De hierboven bedoelde opleiding slaat op de in de radiologie aangewende technieken, de medische gevolgen van de blootstelling aan ioniserende stralingen, de praktische regels van stralingsbescherming met inbegrip van hun fysische grondslagen, de wetgeving inzake stralingsbescherming, de methodes voor het meten van stralingen, de schatting en beoordeling van de doses waaraan de patiënt tijdens radiologische onderzoeken blootstaat.
De geneesheren die vóór 1 juli 1994 werden erkend als houders van de bijzondere beroepstitel van geneesheer-specialist in de röntgendiagnose worden geacht voldaan te hebben aan de hiervoor beschreven opleidingsvereisten.

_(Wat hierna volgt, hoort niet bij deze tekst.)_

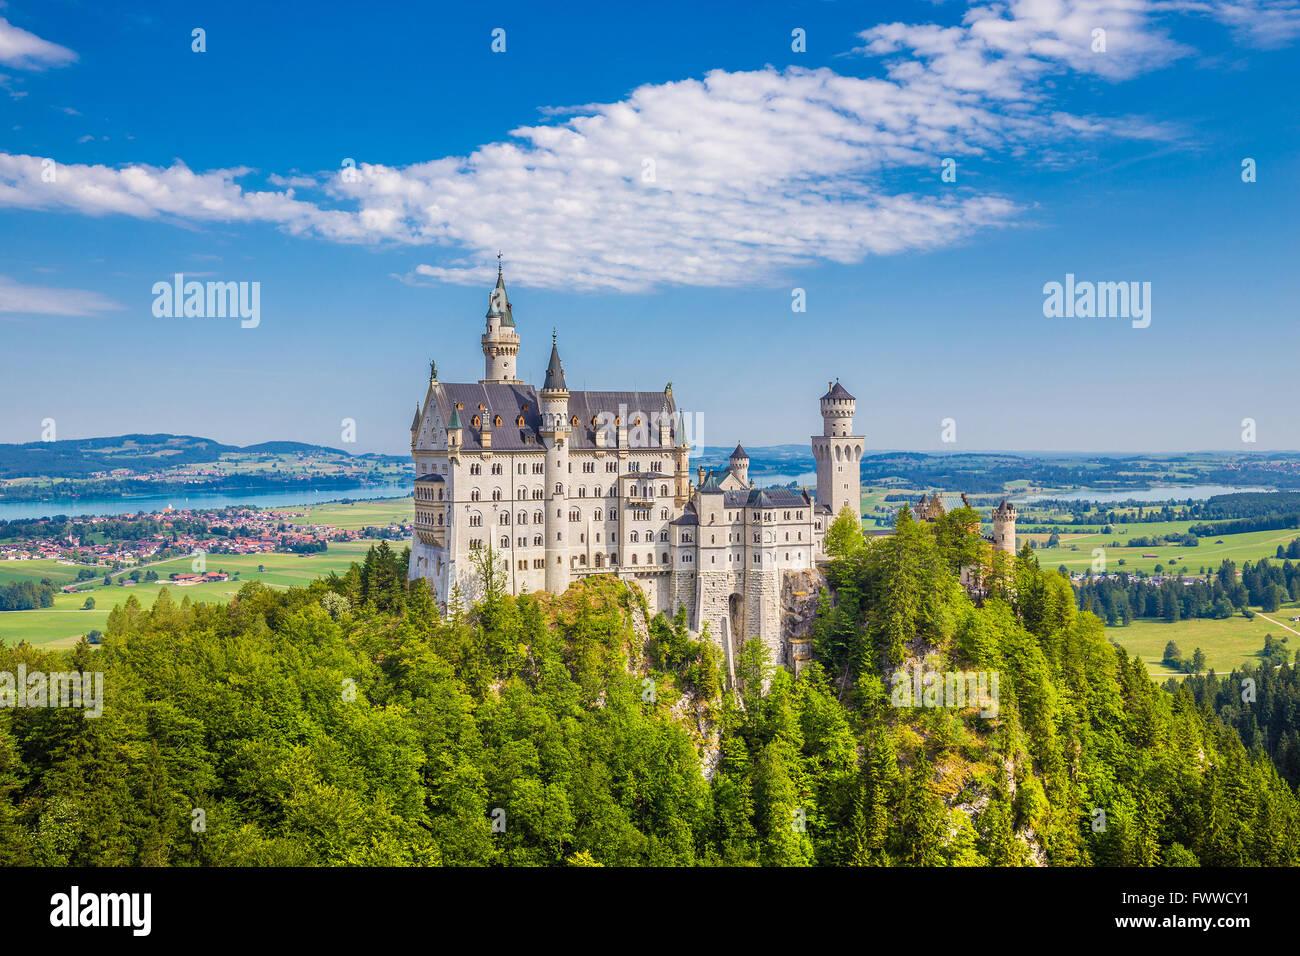 Vista clásica del famoso castillo de Neuschwanstein, Baviera, Alemania Imagen De Stock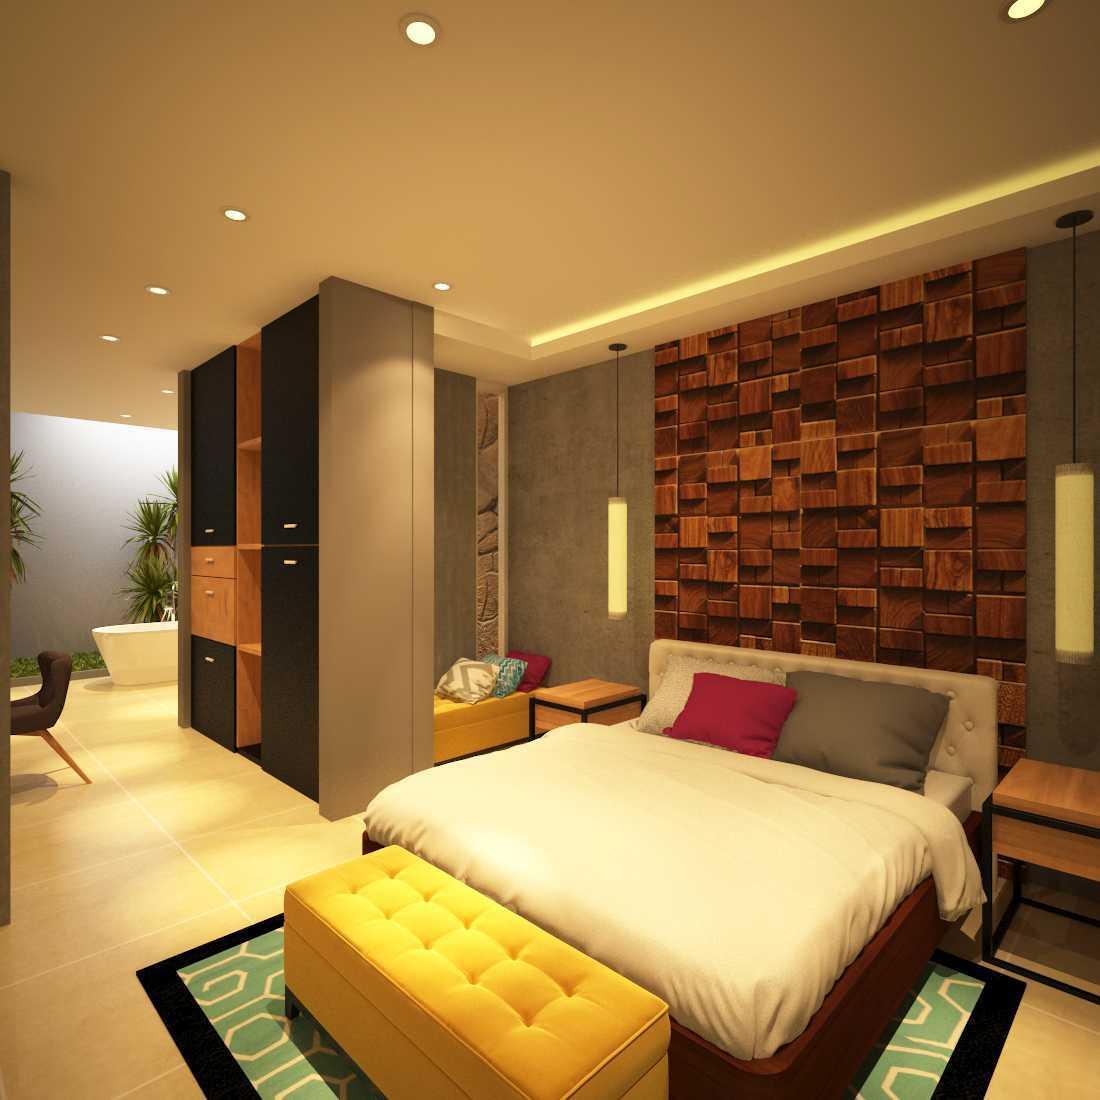 Sense Studio Villa - Bpk Rudy Bali, Indonesia Bali, Indonesia Sense-Studio-Villa-Bpk-Rudy Kontemporer  51638

De geneesheren die op datum van 1 juli 1994 praktizeerden en die een vergunning wensen te bekomen voor het gebruik van X-stralen voor medisch-diagnostische doeleinden, beschikken over vijf jaar met ingang van die datum, om zich in regel te stellen met de hiervoor beschreven opleidingsvereisten. 53.3.3 De geneesheren die X-stralen voor medisch-diagnostische doeleinden aanwenden zijn ertoe gehouden hun kennis en bekwaamheid op het gebied van de stralingsbescherming op peil te houden en uit te breiden, in het kader van een voortgezette opleiding op universitair niveau. 53.3.4. Voor wat het gebruik van X-stralen voor de tandradiografie betreft wordt de vergunning enkel verleend aan de practici die een diploma of een getuigschrift of een attest kunnen voorleggen waaruit blijkt dat zij een opleiding in de stralingsbescherming van universitair niveau hebben genoten en hierover met succes een kenniscontrole hebben ondergaan.
De hierboven bedoelde opleiding slaat op de medische gevolgen van de blootstelling aan ioniserende stralingen, de praktische regels van stralingsbescherming met inbegrip van hun fysische grondslagen en de methodes voor het meten van stralingen, de wetgeving inzake stralingsbescherming en de schatting en de beoordeling van de doses waaraan de patiënt blootstaat, evenals hun distributie, naargelang de aangewende technieken voor tandradiografische onderzoeken.
De practici die vóór 1 juli 1994 gekwalificeerd waren om de tandheelkunde te beoefenen, worden geacht aan de hiervoor beschreven opleidingsvereisten te hebben voldaan.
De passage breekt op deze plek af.